You are viewing a plain text version of this content. The canonical link for it is here.
Posted to dev@kafka.apache.org by hzh0425 <hz...@163.com> on 2023/01/21 05:34:52 UTC

[DISCUSS] Tiered-Storage: Implement RocksdbBasedMetadataCache for TopicBased RLMM

Background:
In KIP-405: Kafka Tiered Storage - Apache Kafka - Apache Software Foundation,  kafka introduced the feature of hierarchical storage, and RLMM is responsible for storing remote segment's metadata.


BTW, [KAFKA-9555] Topic-based implementation for the RemoteLogMetadataManager - ASF JIRA (apache.org) implements the default RLMM - 'TopicBased-RLMM'.




Problem:
TopicBased RLMM stores all metadata of subscriptions in memory.

In our practice, we found that when the metadata gradually increases, there will be a huge burden on the broker's memory (GB level), and at the same time, it will be very time-consuming to save the snapshot of the full amount of metadata to the disk.




Solution

We hope to introduce rocksdb to solve this problem:
- Implement a RocksdbBasedMetadataCache
- All metadata is stored on disk, only a small amount of rocksdb memory cache is required.
- There is no need to bear the time consumption caused by saving the full amount of snapshot metadata to disk, rocksdb can guarantee incremental storage.

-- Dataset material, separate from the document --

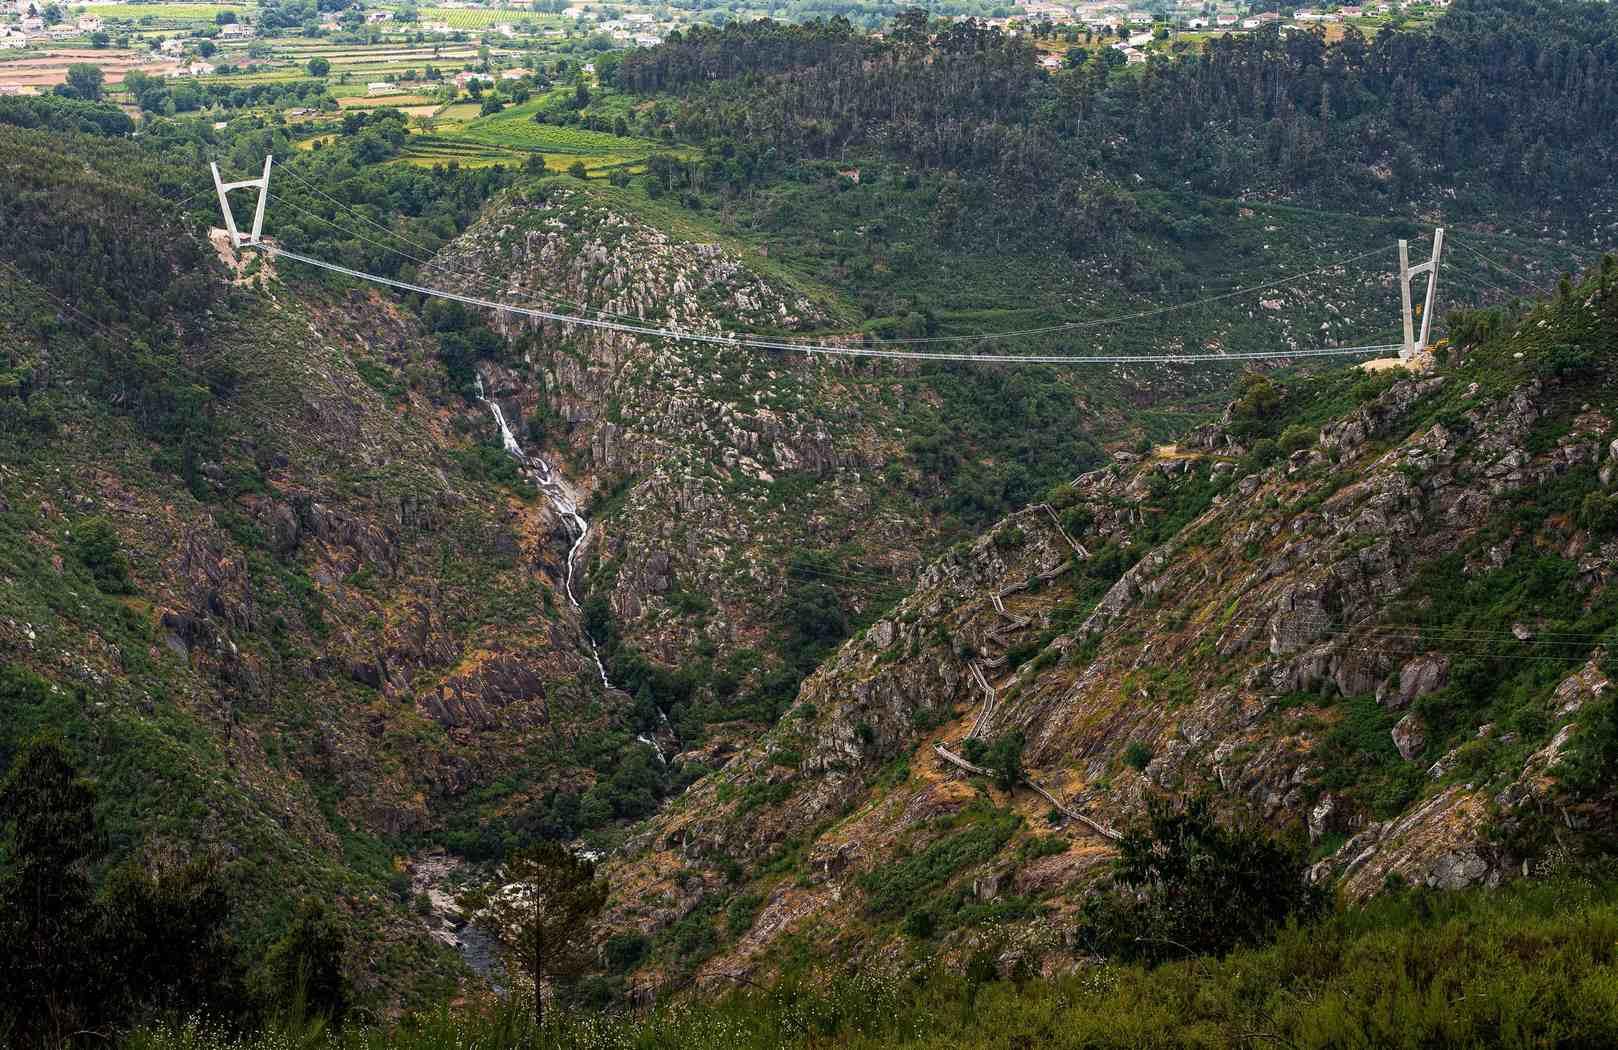 В Португалии открыли новый объект для любителей экстрима — самый длинный в мире подвесной мост (фото)

You are welcome to discuss this Improvement by replying email !


Thanks,
Hzh0425


| |
hzhkafka
|
|
hzhkafka@163.com
|

Re: [DISCUSS] Tiered-Storage: Implement RocksdbBasedMetadataCache for TopicBased RLMM

Posted by Alexandre Dupriez <al...@gmail.com>.
Hi, hzh0425,

Thank you for raising the question. There have been discussions about
using RocksDB as a RLMM in the community, one of which can be found on
the dev list [1].
What is the size of the metadata set in your use case? Have you
considered using an external data store to abstract metadata
persistence away from the local storage?

[1] https://lists.apache.org/thread/8lcslnwrnj1s7mk2c3g3fw0zqjwrogds

Thanks,
Alexandre

Le sam. 21 janv. 2023 à 05:35, hzh0425 <hz...@163.com> a écrit :
>
> Background:
> In KIP-405: Kafka Tiered Storage - Apache Kafka - Apache Software Foundation,  kafka introduced the feature of hierarchical storage, and RLMM is responsible for storing remote segment's metadata.
>
>
> BTW, [KAFKA-9555] Topic-based implementation for the RemoteLogMetadataManager - ASF JIRA (apache.org) implements the default RLMM - 'TopicBased-RLMM'.
>
>
>
>
> Problem:
> TopicBased RLMM stores all metadata of subscriptions in memory.
>
> In our practice, we found that when the metadata gradually increases, there will be a huge burden on the broker's memory (GB level), and at the same time, it will be very time-consuming to save the snapshot of the full amount of metadata to the disk.
>
>
>
>
> Solution
>
> We hope to introduce rocksdb to solve this problem:
> - Implement a RocksdbBasedMetadataCache
> - All metadata is stored on disk, only a small amount of rocksdb memory cache is required.
> - There is no need to bear the time consumption caused by saving the full amount of snapshot metadata to disk, rocksdb can guarantee incremental storage.
>
>
> You are welcome to discuss this Improvement by replying email !
>
>
> Thanks,
> Hzh0425
>
>
> | |
> hzhkafka
> |
> |
> hzhkafka@163.com
> |